◆ **Required action**: In this exercise, print only the lines of the records below from the one with "Зеркало Preston, Ivory" through the one with "Joshua Sanders Wide", inclusive. Pictures are not part of the copy.

◆ **Exercise materials**:
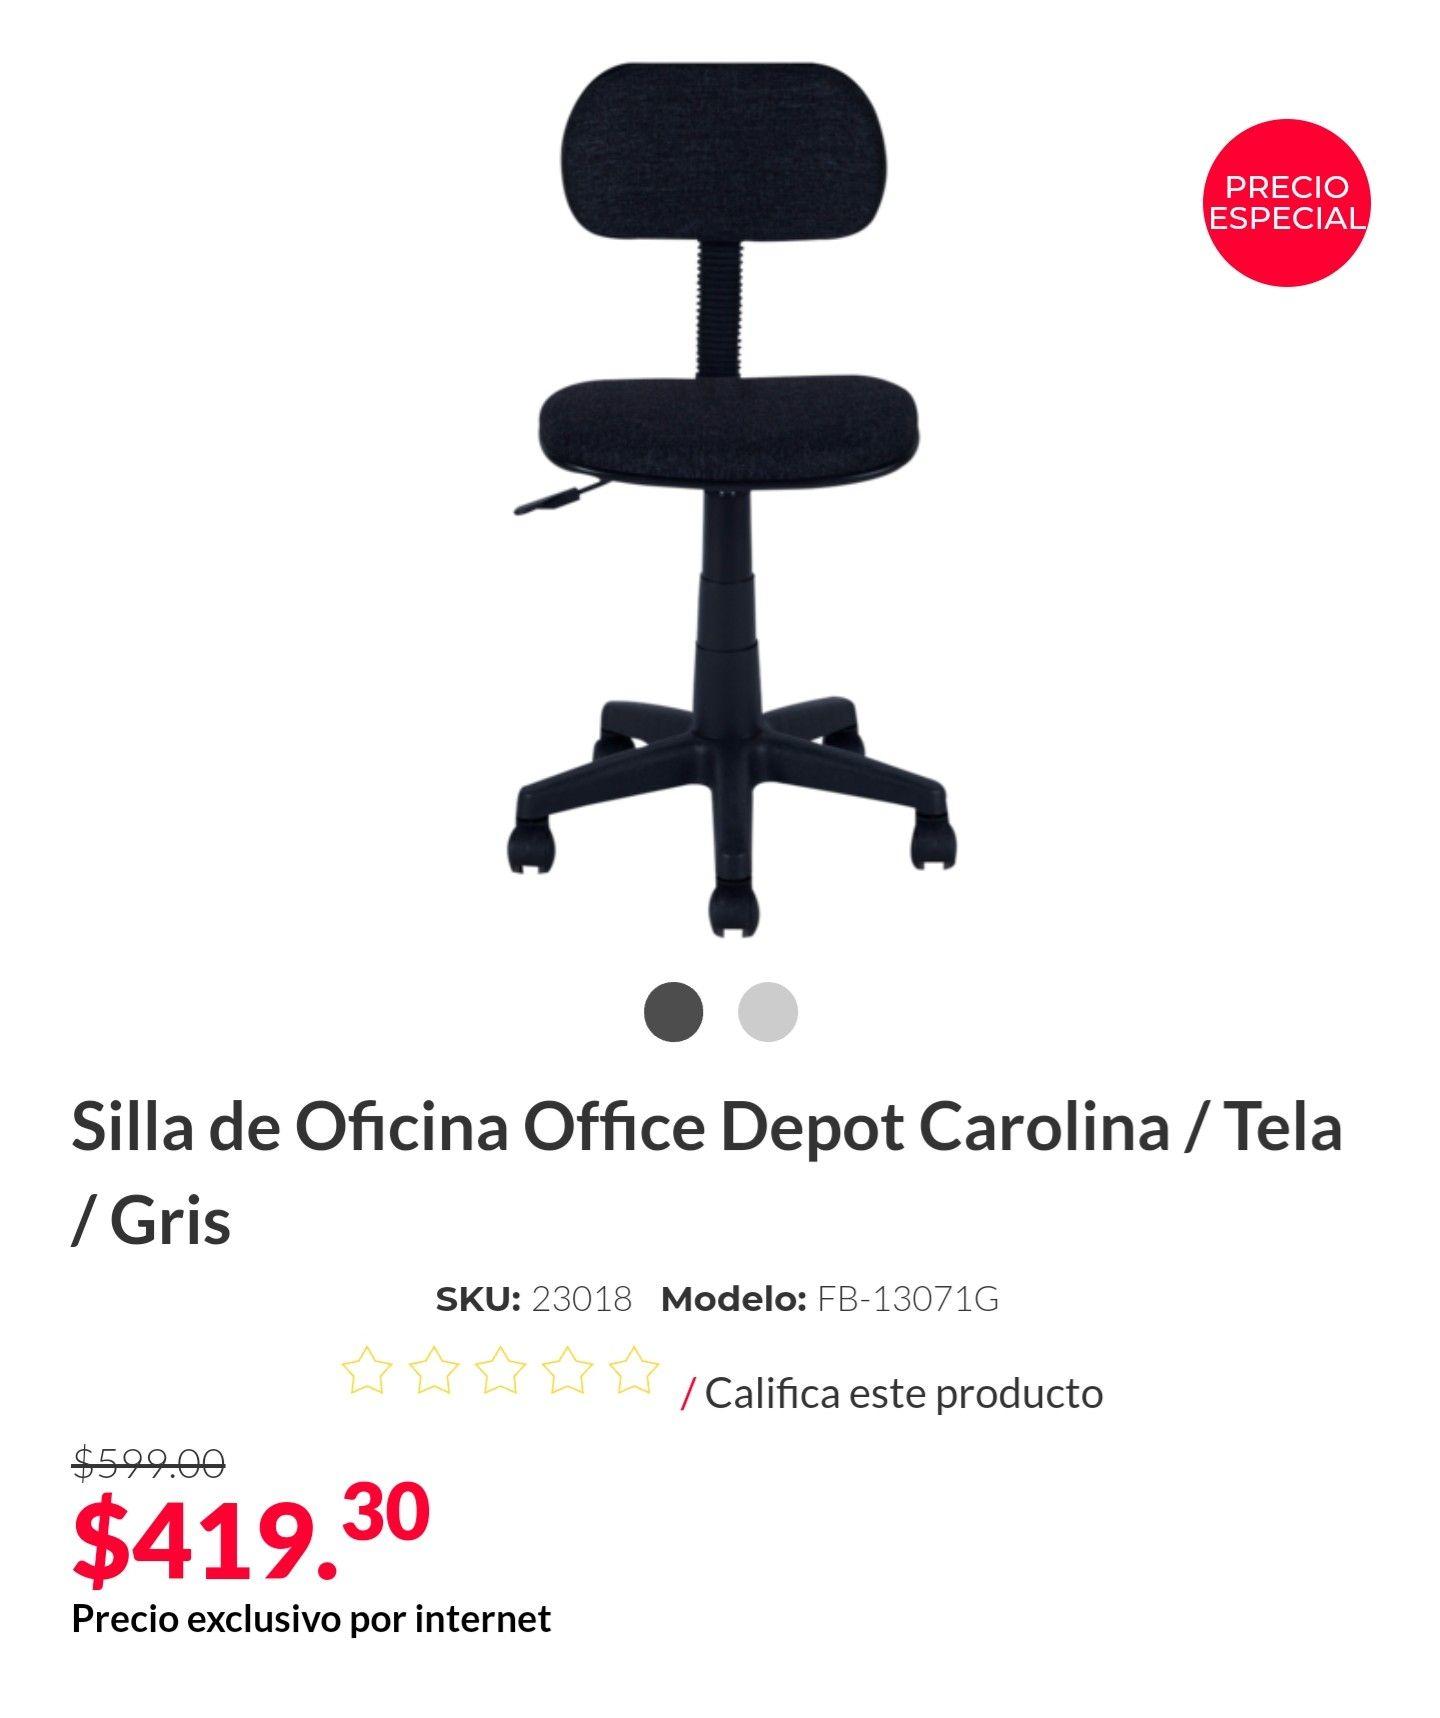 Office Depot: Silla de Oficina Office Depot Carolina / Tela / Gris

...

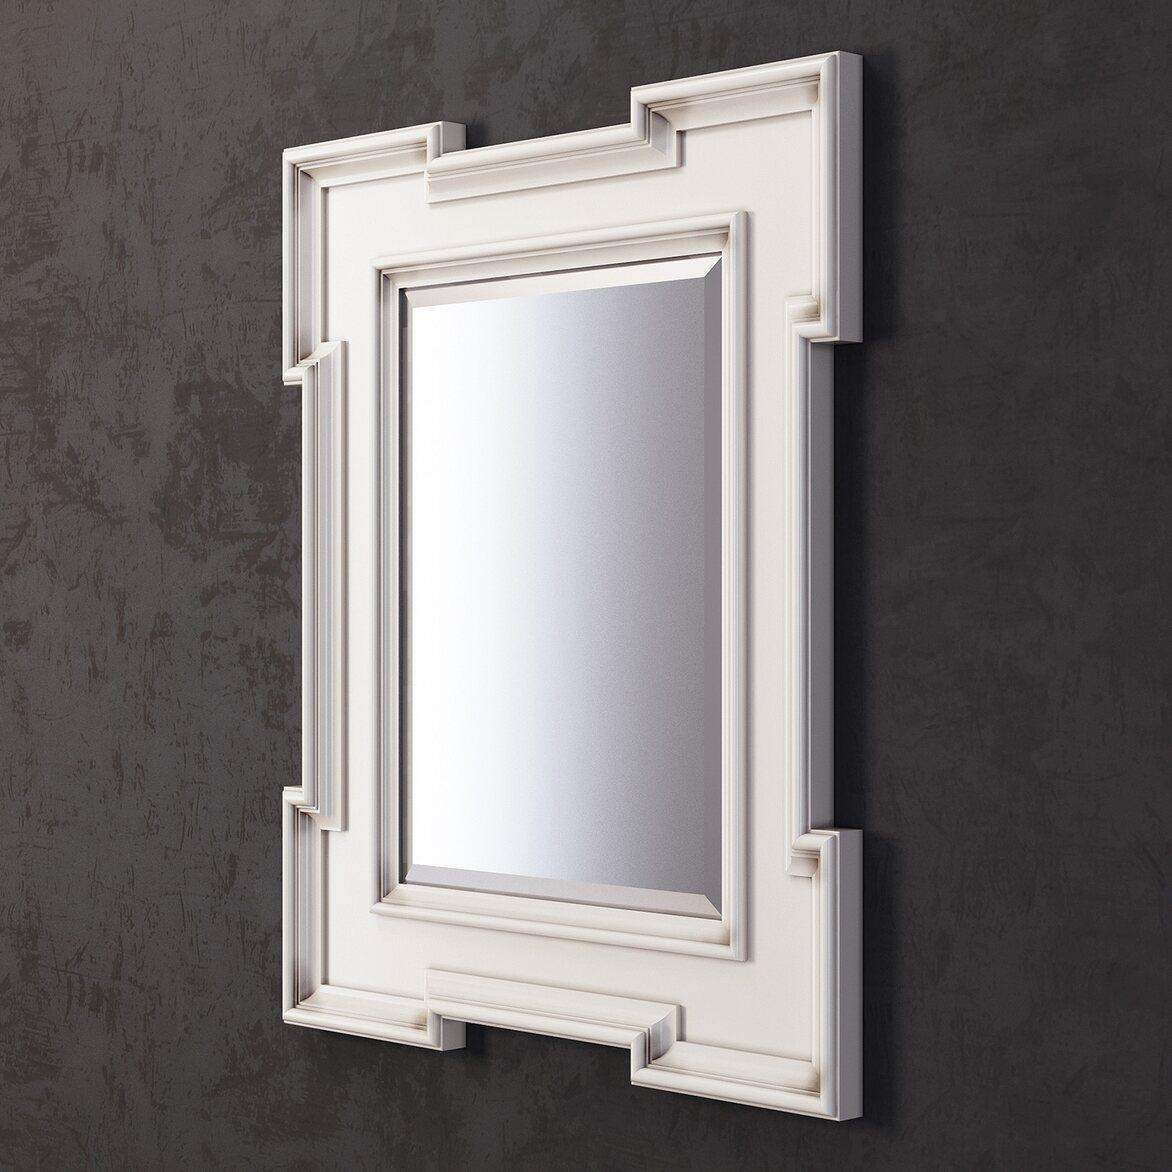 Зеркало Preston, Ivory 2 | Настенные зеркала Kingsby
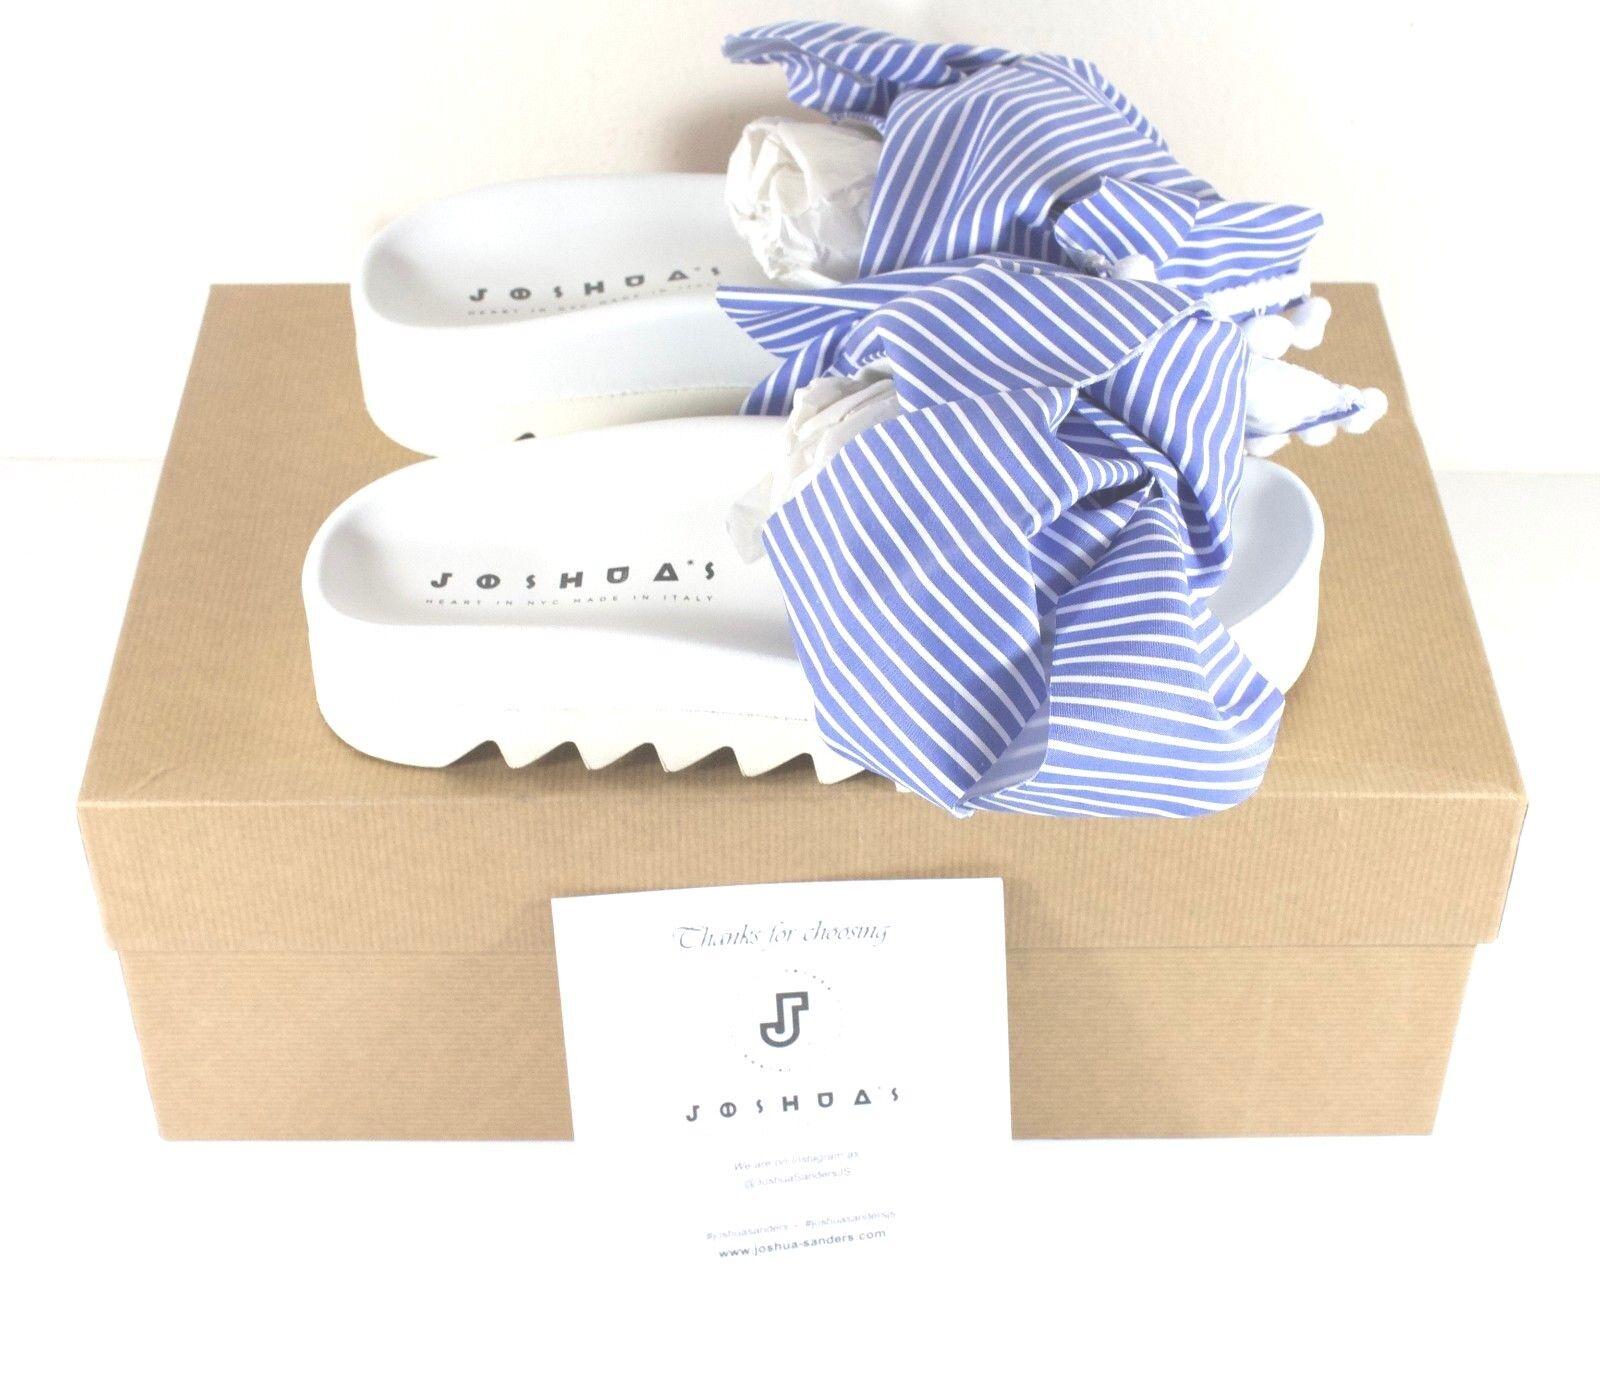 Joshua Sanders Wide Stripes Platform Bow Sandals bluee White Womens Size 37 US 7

...

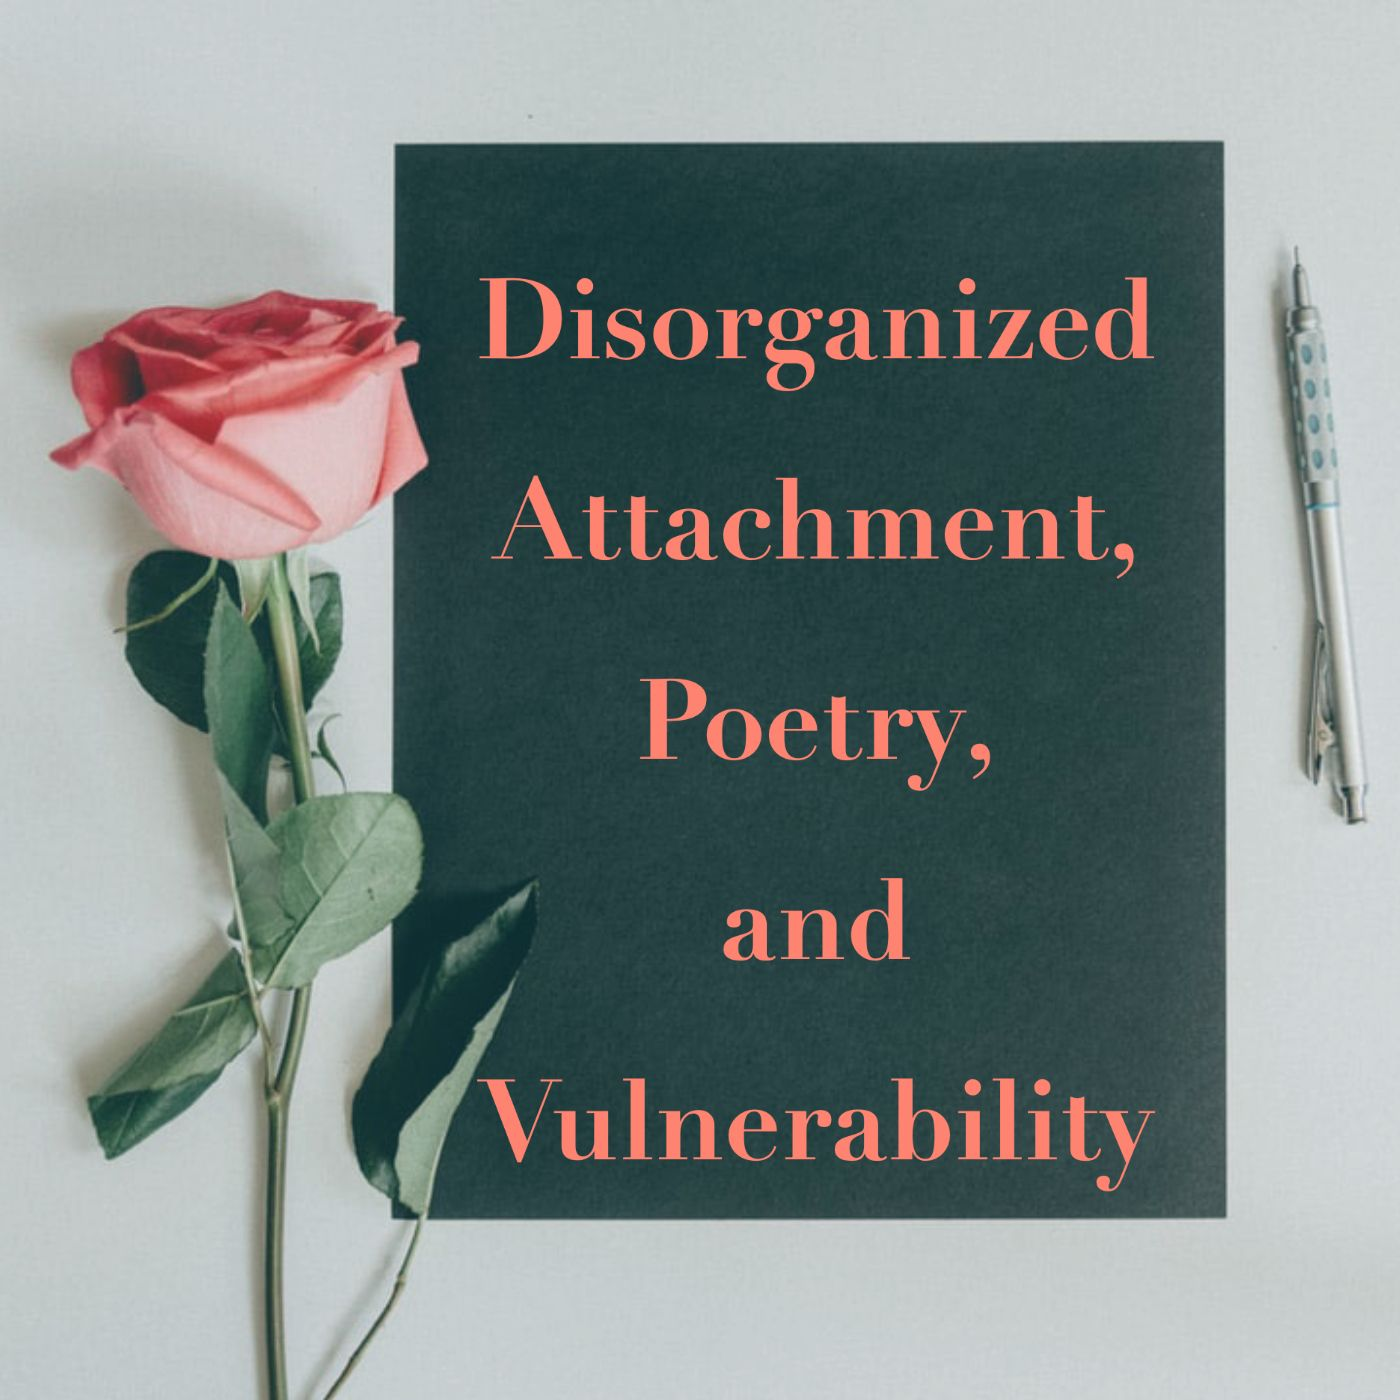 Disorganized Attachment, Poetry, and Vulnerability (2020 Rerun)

◆ **Expected answer**:
 Зеркало Preston, Ivory 2 | Настенные зеркала Kingsby
 Joshua Sanders Wide Stripes Platform Bow Sandals bluee White Womens Size 37 US 7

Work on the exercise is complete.